Перед ним вспыхнул яркий свет, и Алексей начал проваливаться в пустоту. Он вспомнил, как в детстве впервые прыгал с "тарзанки" в реку, как ему было страшно видеть надвигающуюся чёрную воду, как он зажмуривал глаза, и теперь этот страх ожил, выплыл из детского прошлого и начал его душить.
Алексей летел вниз, беспомощно барахтаясь руками и ногами, и казалось, что ещё немного, и он непременно разобьётся, и все его земные мучения на этом кончатся. Но прошло время, и он не разбился. Теперь он не падал, а стоял на ногах - устойчиво и твёрдо, и земля под ним не проваливалась, а яркий свет, который застилал глаза, постепенно слабел...

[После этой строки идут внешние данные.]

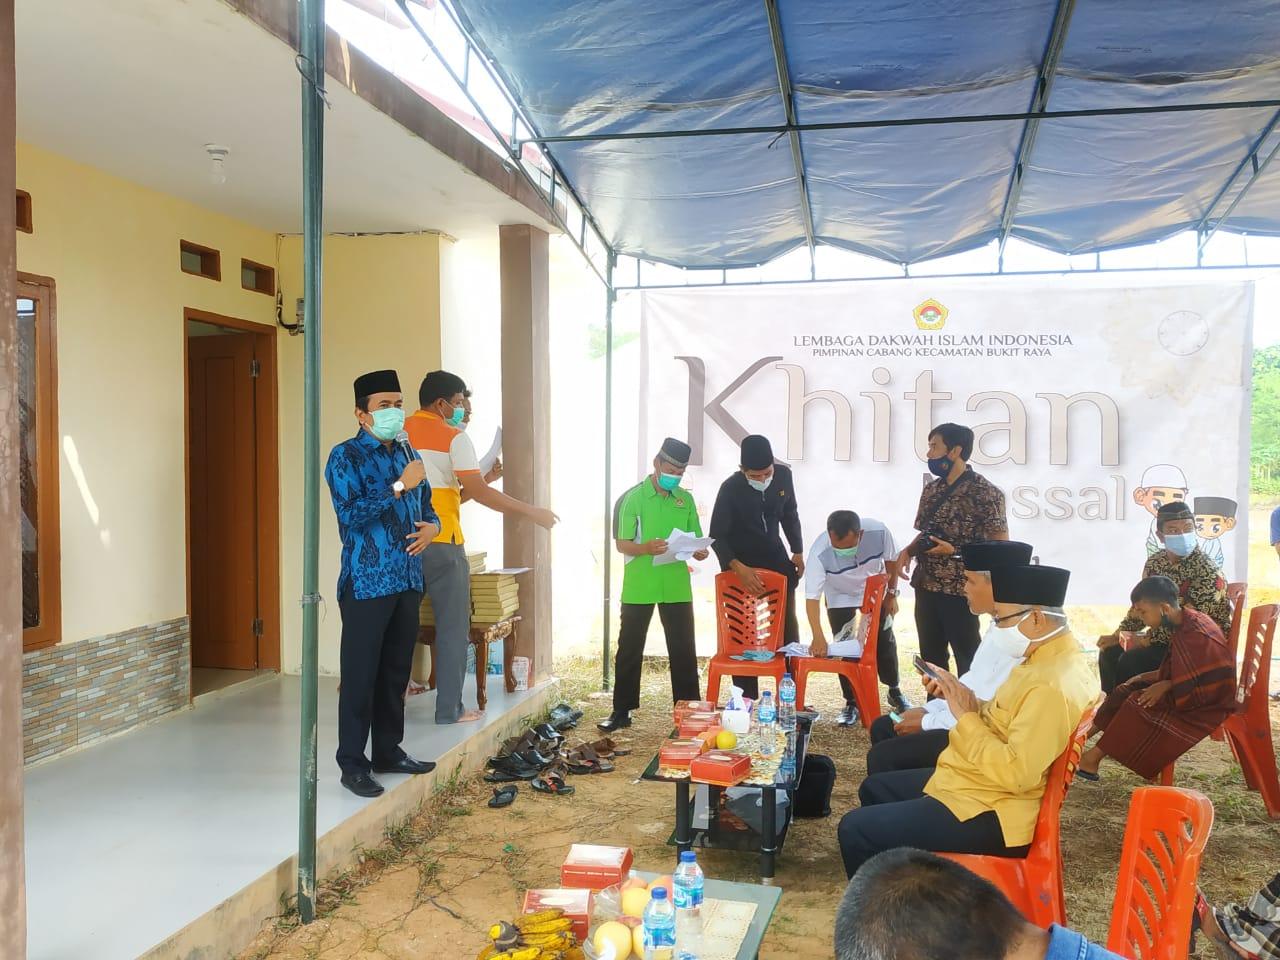 Camat Bukitraya Buka Khitanan Massal PC Lembaga Dakwah Indonesia

Он увидел коридор, устланный ковровой дорожкой, с рядом одинаковых дверей, на каждой из которых была прикреплена пластиковая табличка с порядковым номером. Было пронзительно тихо. Мягкий, приглушённый свет, падающий неизвестно откуда, тишина, длинный ряд дверей - всё это напоминало антураж какого-то министерства или ведомства, и казалось, что сейчас откроется дверь и выйдет чиновник с надменным лицом и торопливо засеменит вдоль коридора. Как только Алексей представил это, тут же открылась одна из дверей, и из неё вышел мужчина средних лет в чёрной элегантной паре, белой рубашке и бардовом галстуке в горошек. Подмышкой он нёс пухлую канцелярскую папку. Мужчина, неслышно ступая лакированными туфлями, крадучись, направился к другой двери, но, увидев Алексея, остановился и, болезненно надломив бровь, словно вспоминая что-то неприятное, сказал:
- А вам в сорок четвёртую, вас ждут...
И ушёл, затворив за собою дверь.
Что за чудеса? Алексей долго стоял и не мог собраться с мыслями. Что всё это значит? И где он находится? Он посмотрел направо и налево и убедился, что коридор бесконечно тянется в обе стороны. Поскольку ничего другого в голову не приходило, он пошёл искать дверь, на которую указал человек в чёрной паре. Всё было очень странно, и Алексею казалось, будто по коридору идёт не он, а кто-то другой в его обличии, а он лишь наблюдает за ним со стороны.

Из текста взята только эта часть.